Andrew Clements 

BBCSO/Adès

Five stars Barbican, London
  
  


Programme building is an elusive art. It is a mystery why some combinations of music make perfect sense even when they have no rationale linking them, while others that ought to fit together fall flat in performance. Whatever the knack is, Thomas Adès has it. The programme he devised for the BBC Symphony could not have been more diverse, yet the concert held together exhilaratingly well.

Adès's conducting style is neither economical nor elegant, but it gets results. It caught the mixture of raw-edged excitement and lighter-than-air lyricism for the overture to Berlioz's unfinished opera, Les Francs-Juges, perfectly, while every fleck of colour and twist of harmony in Sibelius's miraculously compressed masterpiece Luonnotar was precisely registered, and soprano Rebecca von Lipinski handled the demanding setting of the Kalevala text with powerful ease.
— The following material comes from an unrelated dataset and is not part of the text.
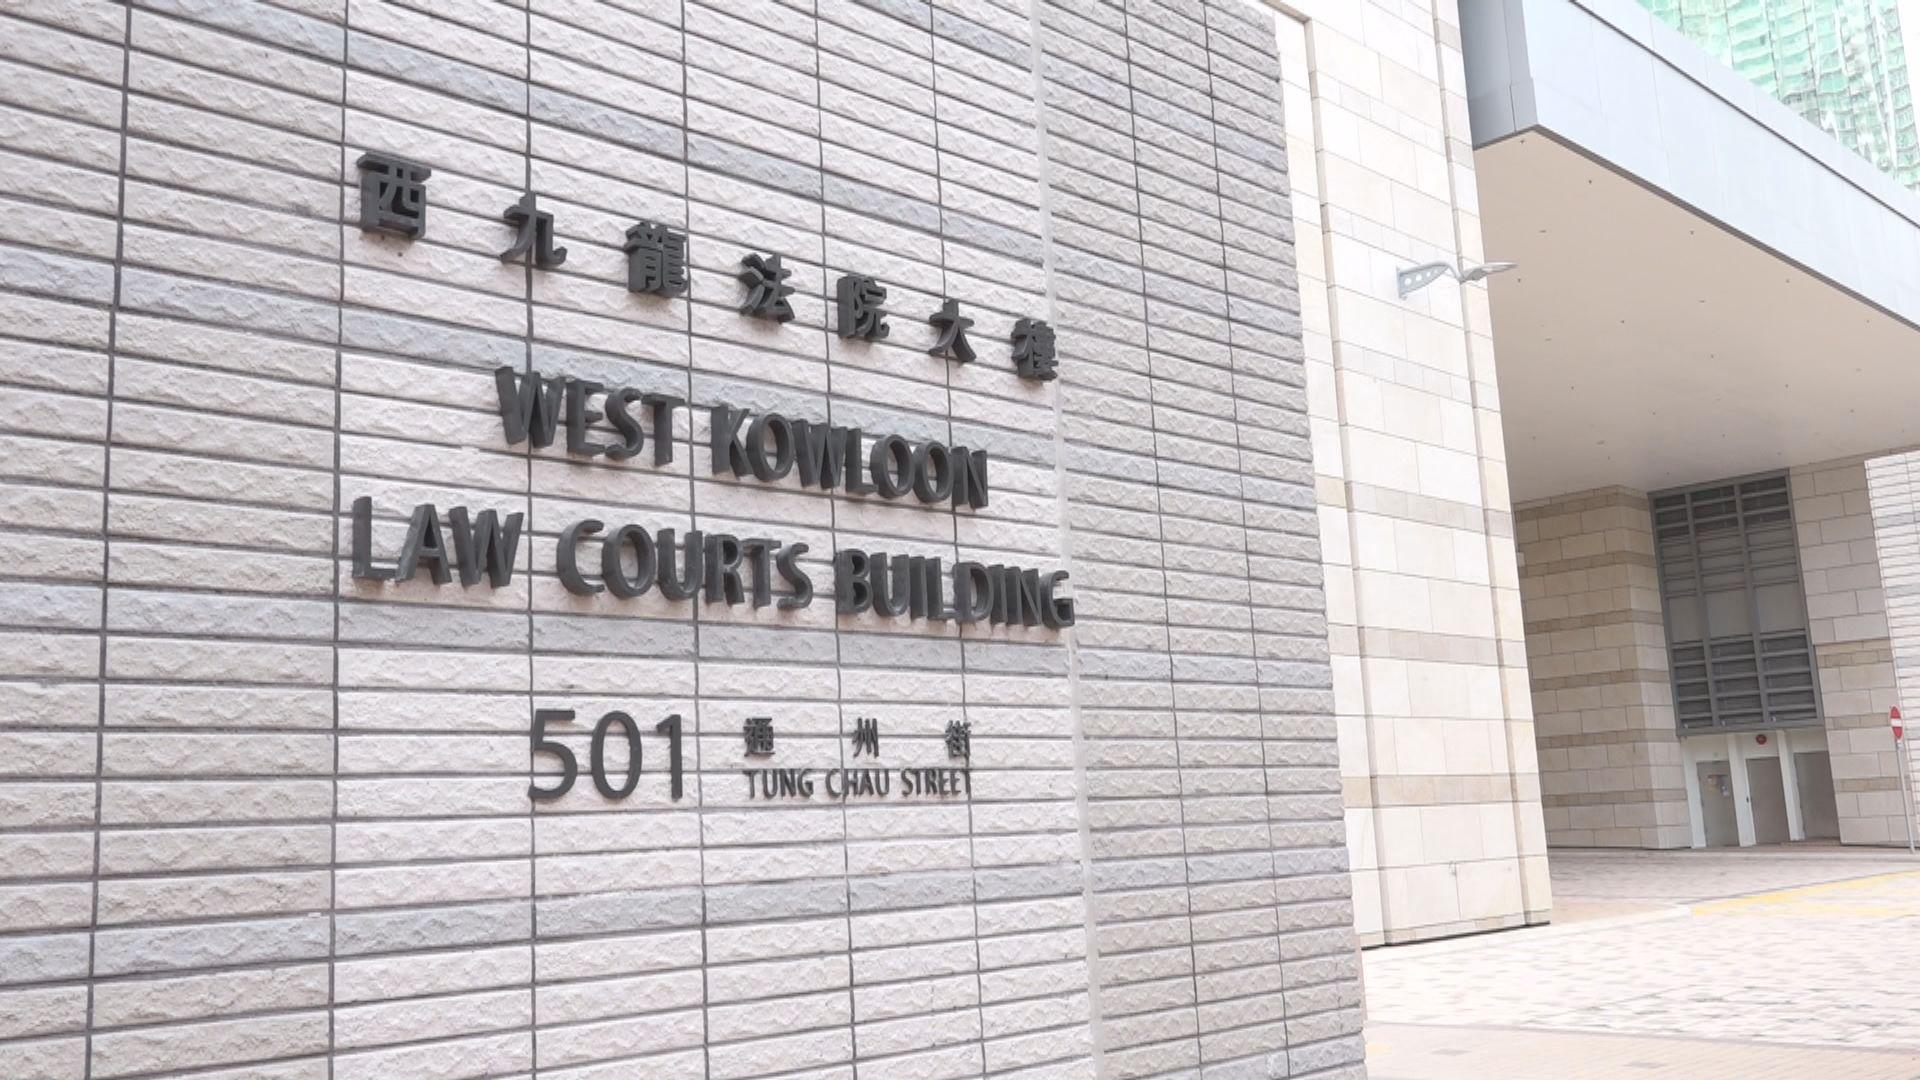 鍾翰林被控分裂國家罪今提堂
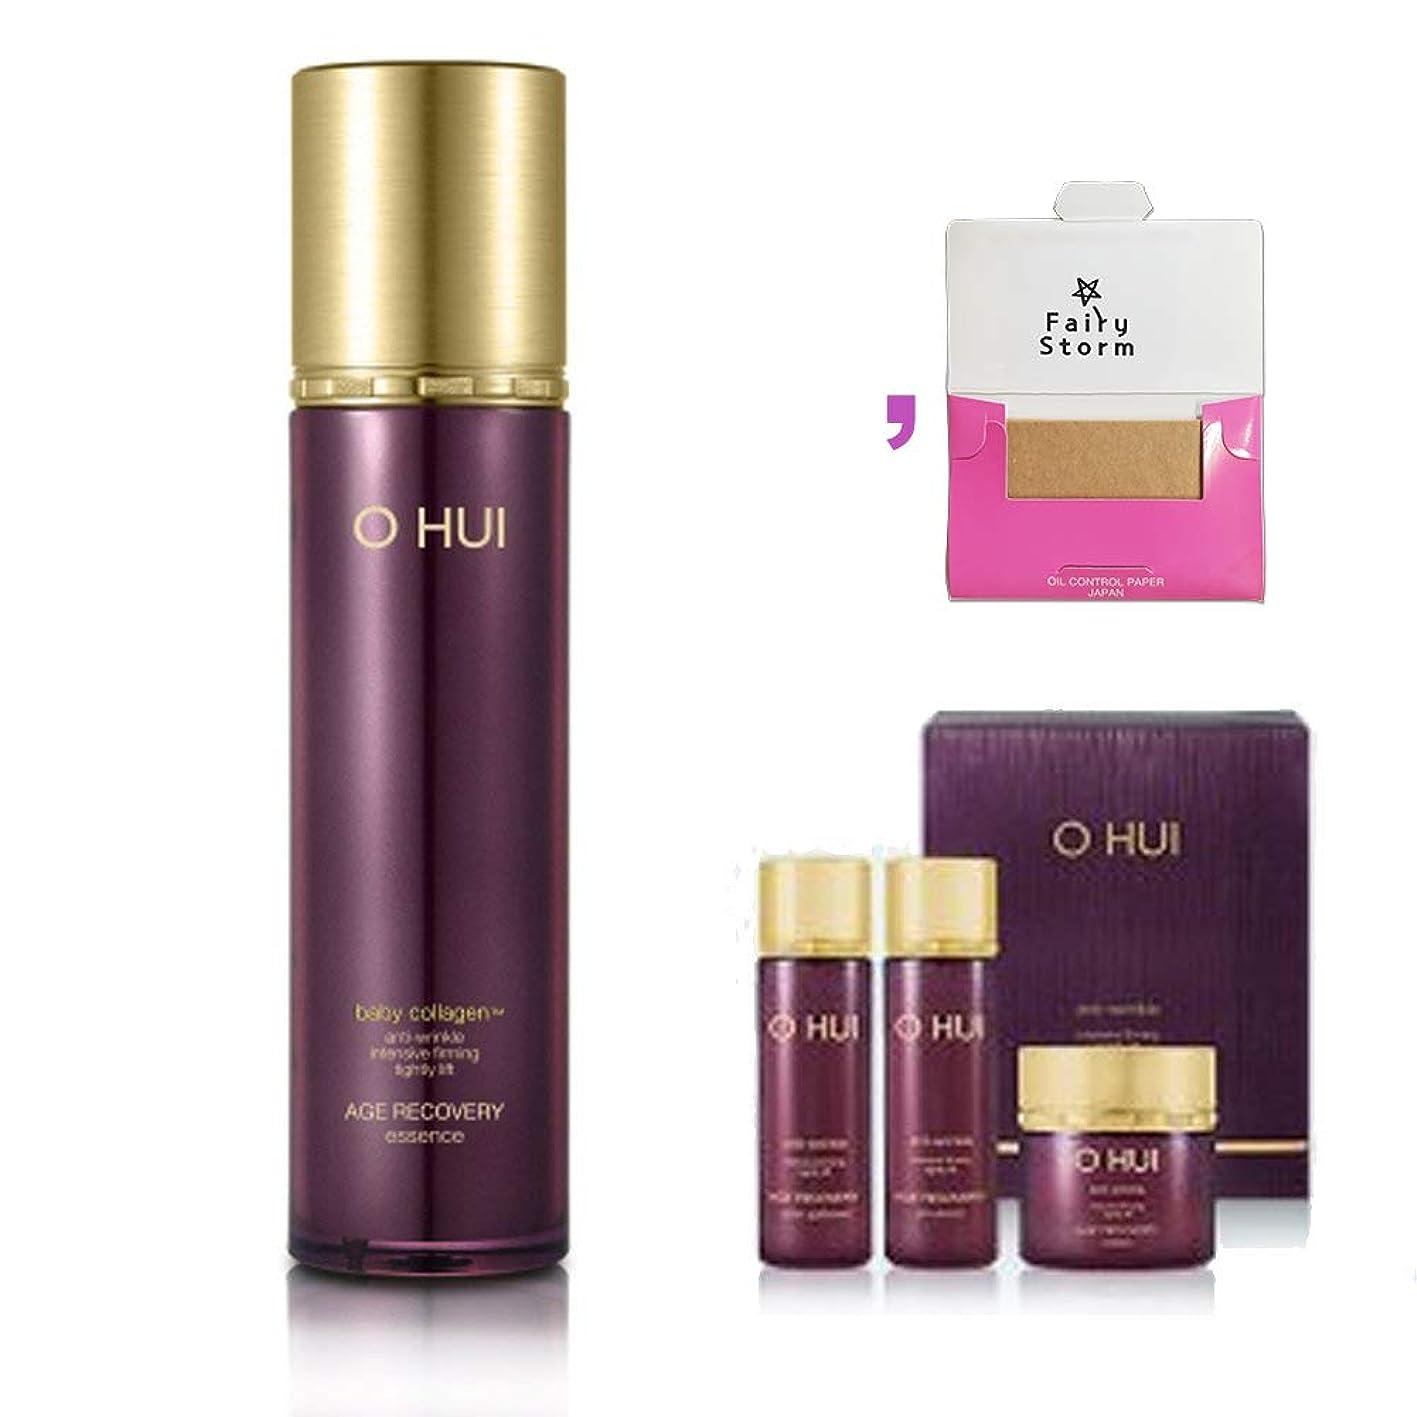 [オフィ/ O HUI]韓国化粧品 LG生活健康/ Ohui AGE RECOVERY ESSENCE Special Set /オフィ エイジ リカバリー エッセンス45ml 限定セット +[Sample Gift](海外直送品)

The rest of the programme had an American theme. Ives's Orchestral Set No 2 may not be as familiar as its predecessor (better known as Three Places in New England) but it is equally extraordinary, and Adès's detailed handling of the last movement, From Hanover Square North, Ives's sound-picture of New York in the aftermath of the sinking of the Lusitania in 1915, had a marvellous sense of perspective and range.

Adès reserved his own music until last. America: A Prophecy, his millenial commission for the New York Philharmonic, a pungent, unsparing condemnation of the evils of colonialism that juxtaposes a Mayan prophecy against the smug Christianity of the conquistadores. Susan Bickley was the superb mezzo soloist - bleaching her tone to conjure hieratic detachment - while the composer ensured every orchestral detail was viscerally intense.